Emerging business is our area where we invest for new innovative solutions. And results here improved, driven by our profitable AI connected business. And, as I said, free cash flow is SEK 2.2 billion after having had SEK 3.7 billion in cash outplaced for provisions and restructuring.

The next. We have gotten quite a lot of questions about the gross margin development, and as you can see from this graph that we have a sequential decline in gross margin, which is — when you look quarter-over-quarter, the decrease is really due to a couple of reasons. One is, of course, that we had larger than usual IPR revenues during the first quarter, which helped gross margin and gave a boost on gross margin while we, in the second quarter, have a large IPR settlement. Of course, putting pressure on gross margin in Q2 — and then, we have some other effect on a little bit lower software portion in digital services and some timing on cost and managed services.

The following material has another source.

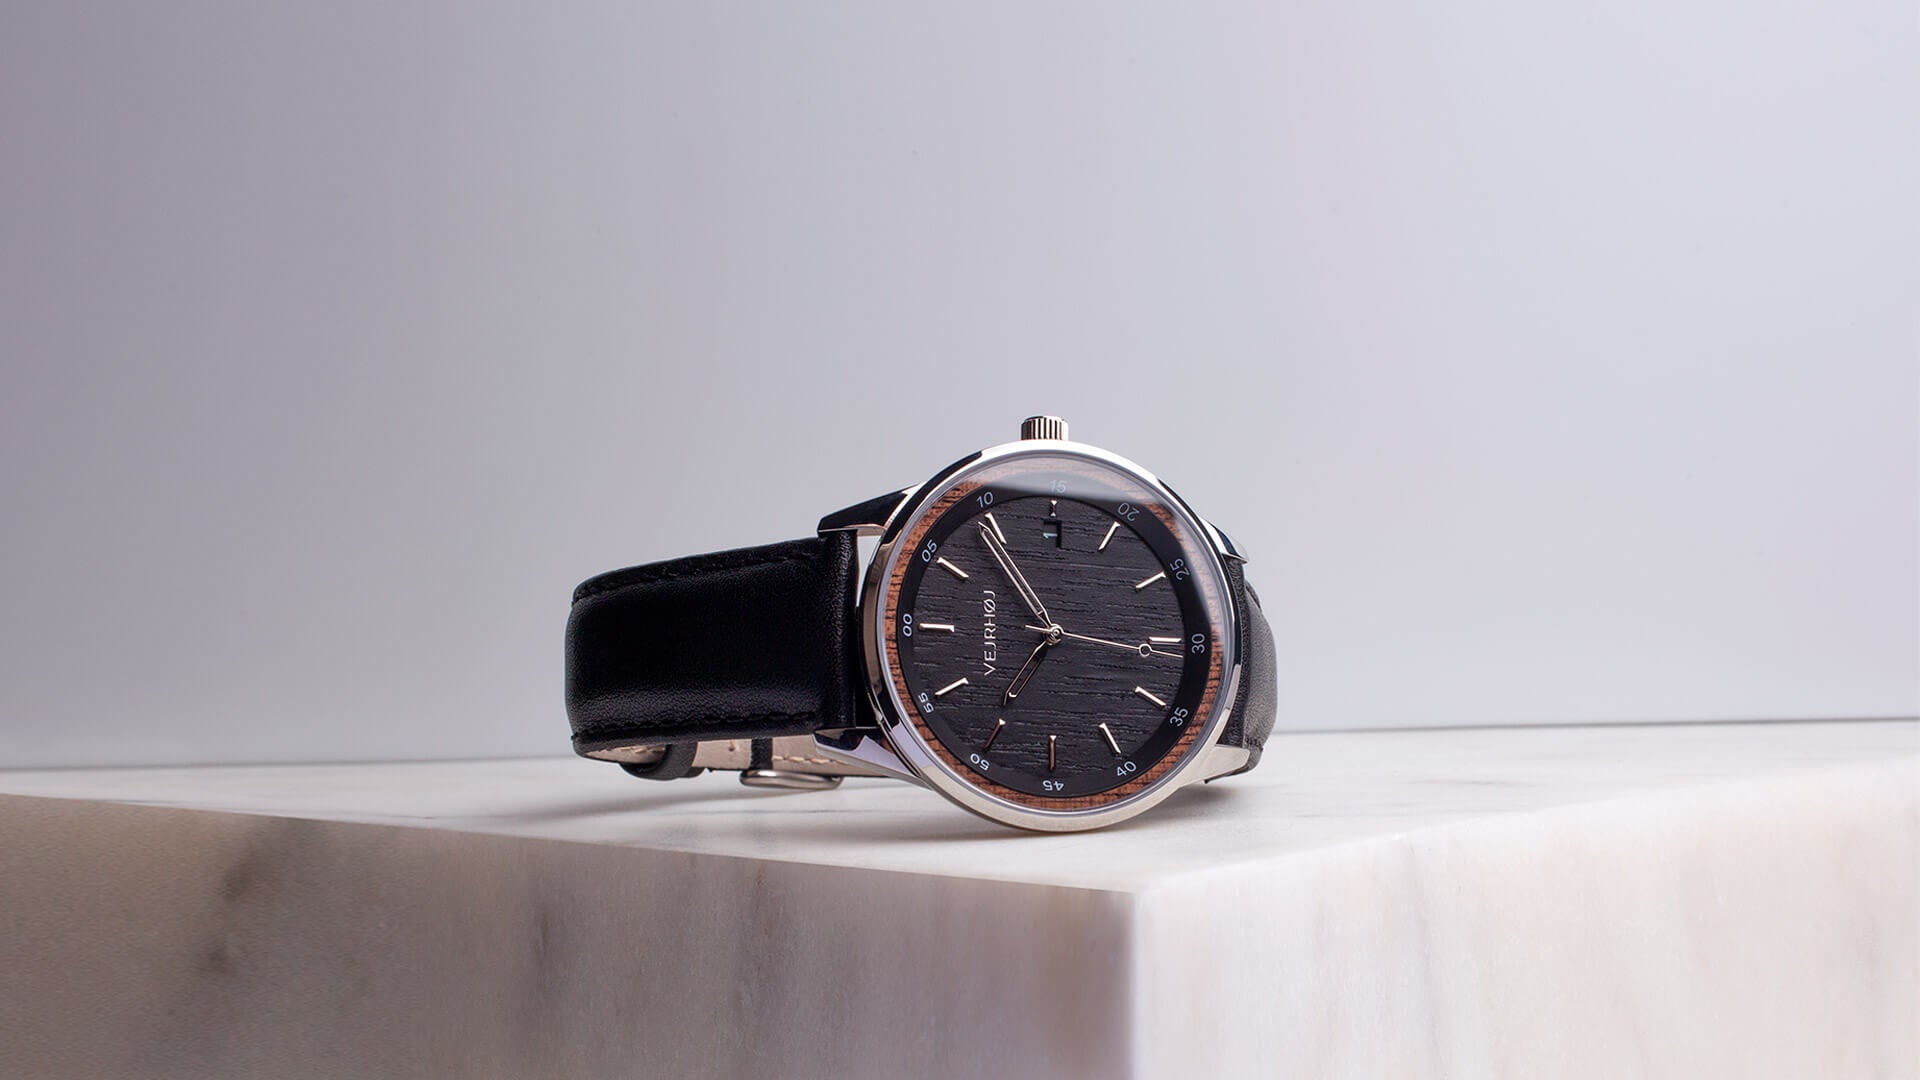 【新製品】腕時計ブランドVEJRHØJが、木材が主役の自動巻き式コレクション第2弾を発表

But if we leave that bit outside and jump to the next slide, which is focusing on the movement in networks. So, if we look at the Q1 gross margin, it was 43.2%. What we have here is an unseasonably large IPR revenues in Q1, which of course then — can relate a bit to some old — catch-up payments on old contracts. And that — if you remove that, you get to an adjusted Q1 margin — given that we haven’t given the detailed numbers here, we can look at the size of the bars and estimate them. But there are not — they are not populated with numbers. But — and that is actually due to the — I’ll go back to that later.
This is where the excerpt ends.